Introduction
With the release of Kubernetes 1.31, the Pod Failure Policy for Jobs has graduated to General Availability (GA). This new feature provides enhanced control over how Kubernetes handles pod failures within Jobs, allowing for more efficient and cost-effective management of workloads.
Understanding Pod Failure Policy
Running workloads on Kubernetes can lead to pod failures due to various reasons. For workloads such as Jobs, it is essential to handle transient, retriable failures without halting the entire process. Traditionally, the backoffLimit
field in Kubernetes Jobs allowed you to specify the number of pod failures to tolerate before stopping the Job. However, setting a high backoffLimit
can result in excessive restarts and increased operating costs, especially for large-scale Jobs.
The Pod Failure Policy extends the backoff limit mechanism, offering more granular control to immediately terminate a Job upon a non-retriable pod failure and ignore retriable errors without inflating the backoffLimit
value. This policy is particularly useful for scenarios like running workloads on cost-effective spot instances, where pod failures due to node shutdowns can be gracefully ignored.
How Pod Failure Policy Works
A Pod Failure Policy is defined within the Job specification as a list of rules. Each rule specifies conditions and corresponding actions based on container exit codes or pod conditions.
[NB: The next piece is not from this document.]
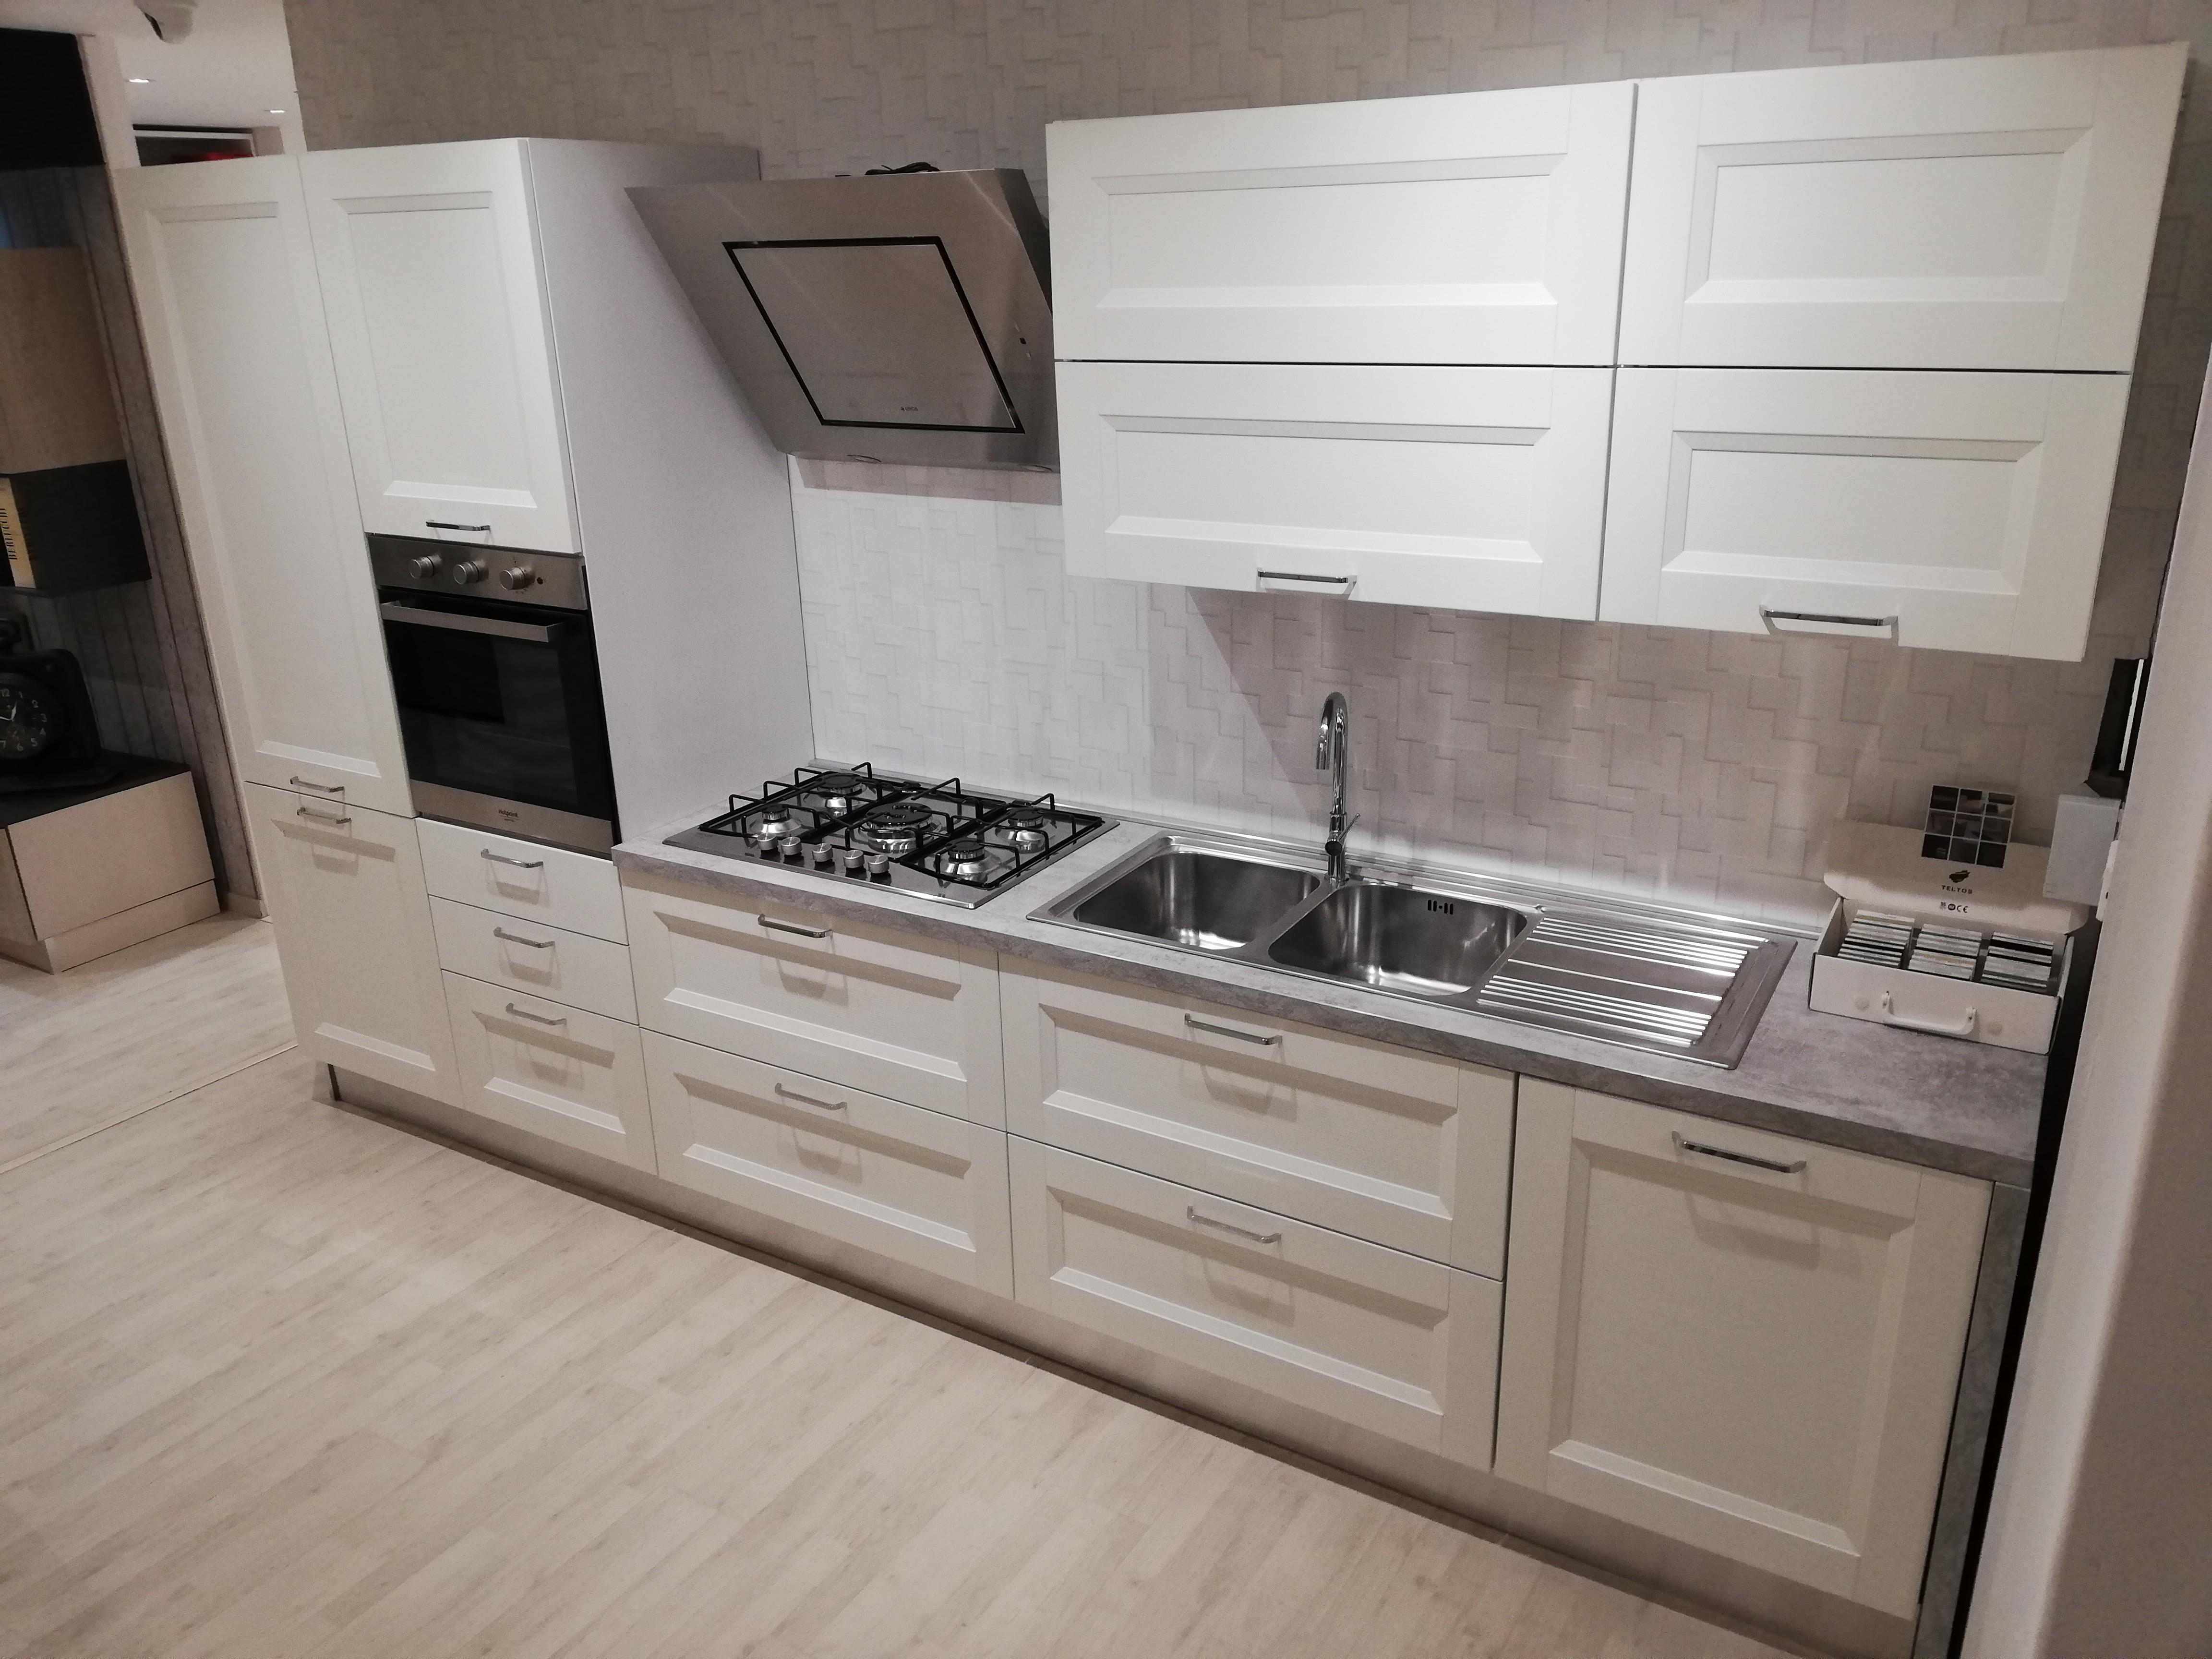 Cucina bianca ciao abitare arredamenti for Abitare arredamenti camerette

The actions can be:
- Ignore: Does not count the failure towards the
backoffLimit
. - FailJob: Terminates the entire Job and all running pods.
- FailIndex: Terminates the specific index of the failed pod, useful with the backoff limit per index feature.
- Count: Counts the failure towards the
backoffLimit
(default behavior).
Example Specification
Below is an example of a Pod Failure Policy:
apiVersion: batch/v1
kind: Job
metadata:
name: example-job
spec:
template:
spec:
restartPolicy: Never
containers:
- name: example-container
image: example-image
backoffLimit: 3
podFailurePolicy:
rules:
- action: Ignore
onPodConditions:
- type: DisruptionTarget
- action: FailJob
onPodConditions:
- type: ConfigIssue
- action: FailJob
onExitCodes:
operator: In
values: [42]
In this example:
- Pods with the
DisruptionTarget
condition are ignored and do not count towards the Job’s backoff limits. - The Job fails if a pod has a
ConfigIssue
condition, which might be added by a custom controller or webhook. - The Job also fails if any container exits with the code 42.
- All other pod failures count towards the
backoffLimit
.
Important Note
When using the Pod Failure Policy, ensure the Job’s pod template is set with restartPolicy: Never
. This setting prevents race conditions between the kubelet and Job controller when counting pod failures.